The good part for some lucky chump: I've been on the look-out for about 3-4 years to swipe this in really nice condition; the black/w red and gold highlights, 1982 Schwinn Voyager.  off of one of my fav hunting grounds; Craig's list. And here it is, a little late for me and not likely gonna be availed much longer if not gone yet.  A bit special for ya'lll visiting this thread, I figure. . ''

Consider you's selves 'Hooked up!

$110 bucks!   Go get em boys  (Schwinn  road bike lobbers) some really good Schwinn lightweight bragging rights at this price, to be sure, and may the best lucky chump-A, (Cheap price stalking  SOB like me ) win!   >>>>>  (Please don't off topic reply me in this thread, unless ya got it and giving weight descriptions (on topic) tks, [wink]

https://lakeland.craigslist.org/bik/d/auburndale-vintage-chicago-schwinn/7003138526.html


----------



## Miq

@Jeff54 I have no idea what you're talking about, but I like the Voyageur 11.8 pics you posted!  Like!

11.8 kg = 26 lbs


----------



## morton

I don't know if a factory stock 3 speed Speedster is considered a lightweight, but I think that my modified one would qualify based on the "tonage" of the bikes Schwinn sometimes referred to as lightweights.

Mine has plastic fenders and alloy 27" wheels and feels much lighter than the stock version but I have no way of weighing it.
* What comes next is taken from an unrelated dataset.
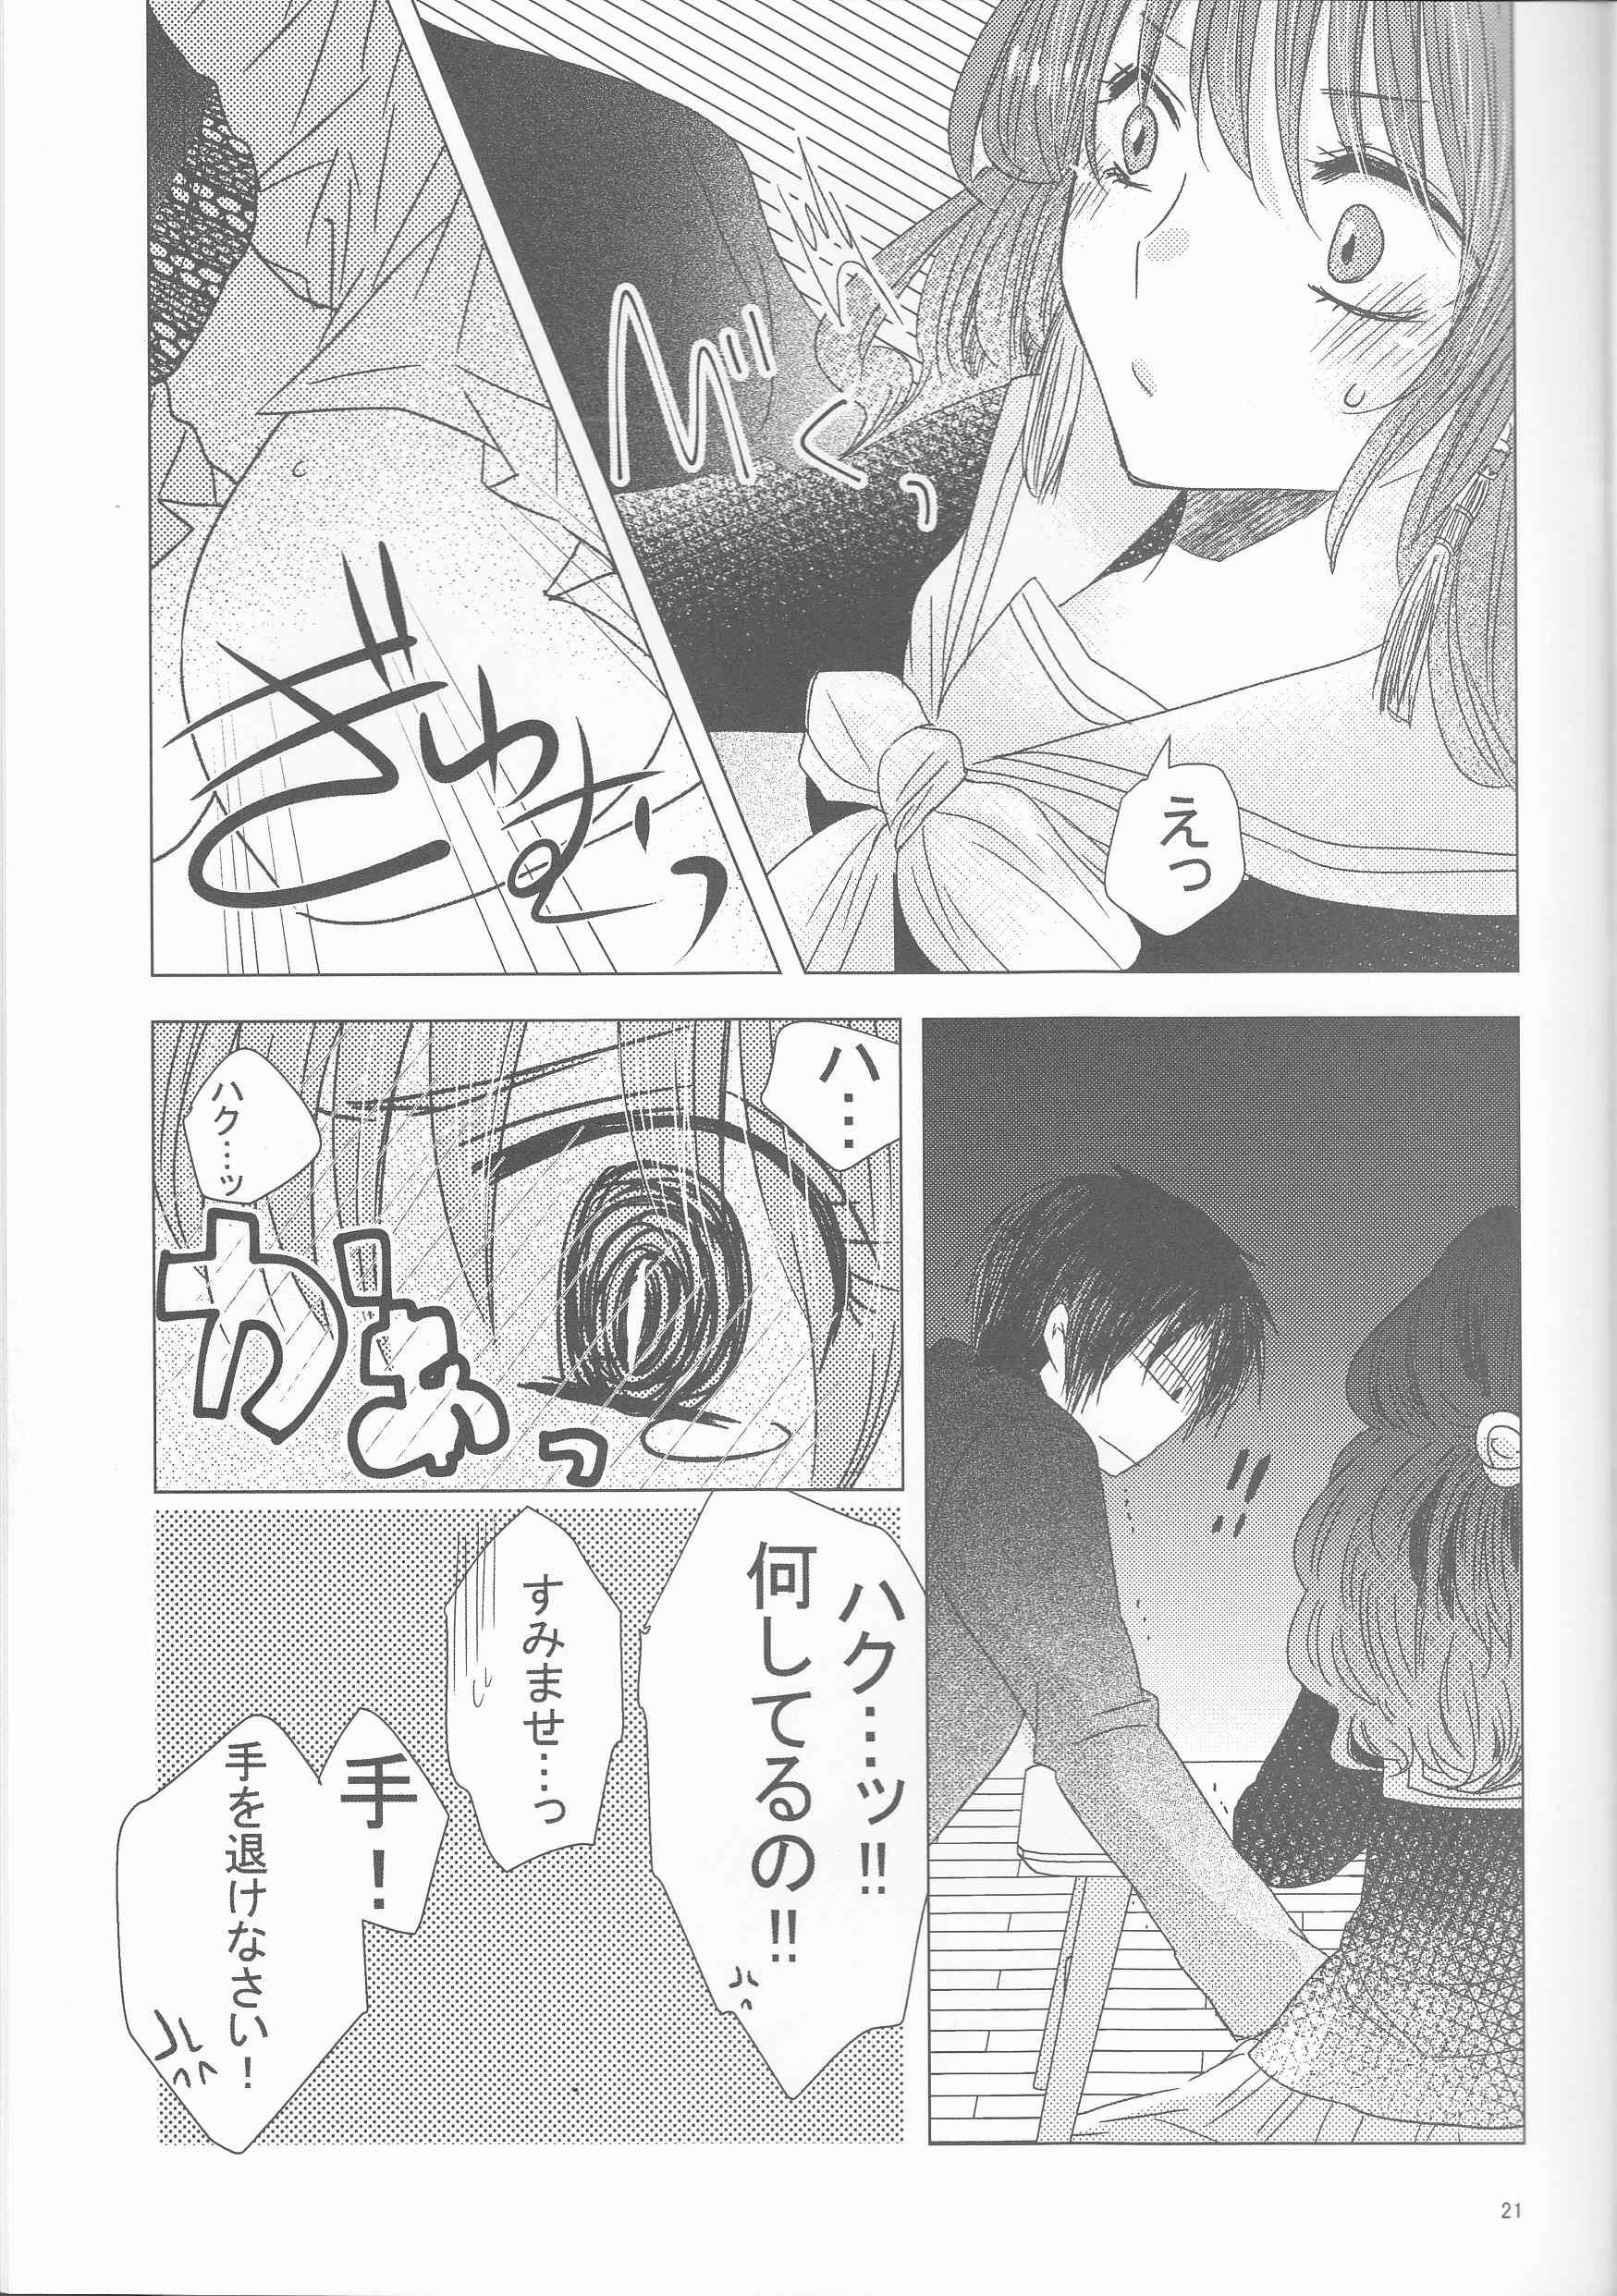 教えて STUDY (暁のヨナ) (21)

I could probably shed another pound or two with a 3 piece alloy crank coversion and deleted chainguard, or just replace the guard with a plastic one and go with lighter pedals, saddle, alloy handlebar and stem,  but I didn't bother as the bike is fun to ride as is.


----------



## bikemonkey

The Voyager ad is still up!...it would be mine if I were close enough.


----------



## Miq

@morton Your Speedster fits in nicely here.  Do you have a bathroom scale?  Weigh yourself, and then you holding the bike in the air.  Subtract.     ...    My guess is 32 lbs.  

Nice looking lawn!


----------



## MarkKBike

I just weighted a 1982 Schwinn Le-tour, Its actual weight came right in at the specifcation of 30 Pounds, just slightly under at 29.5 but I had removed the kick stand prior.


----------



## Allrounderco

I don't know if it qualifies as a lightweight, but my '72 Dunelt light roadster is the closest assembled bike that I have at the moment. 37 lbs with dynamo/lights, rack, and the bag I rigged (yes, it's a toiletry bag).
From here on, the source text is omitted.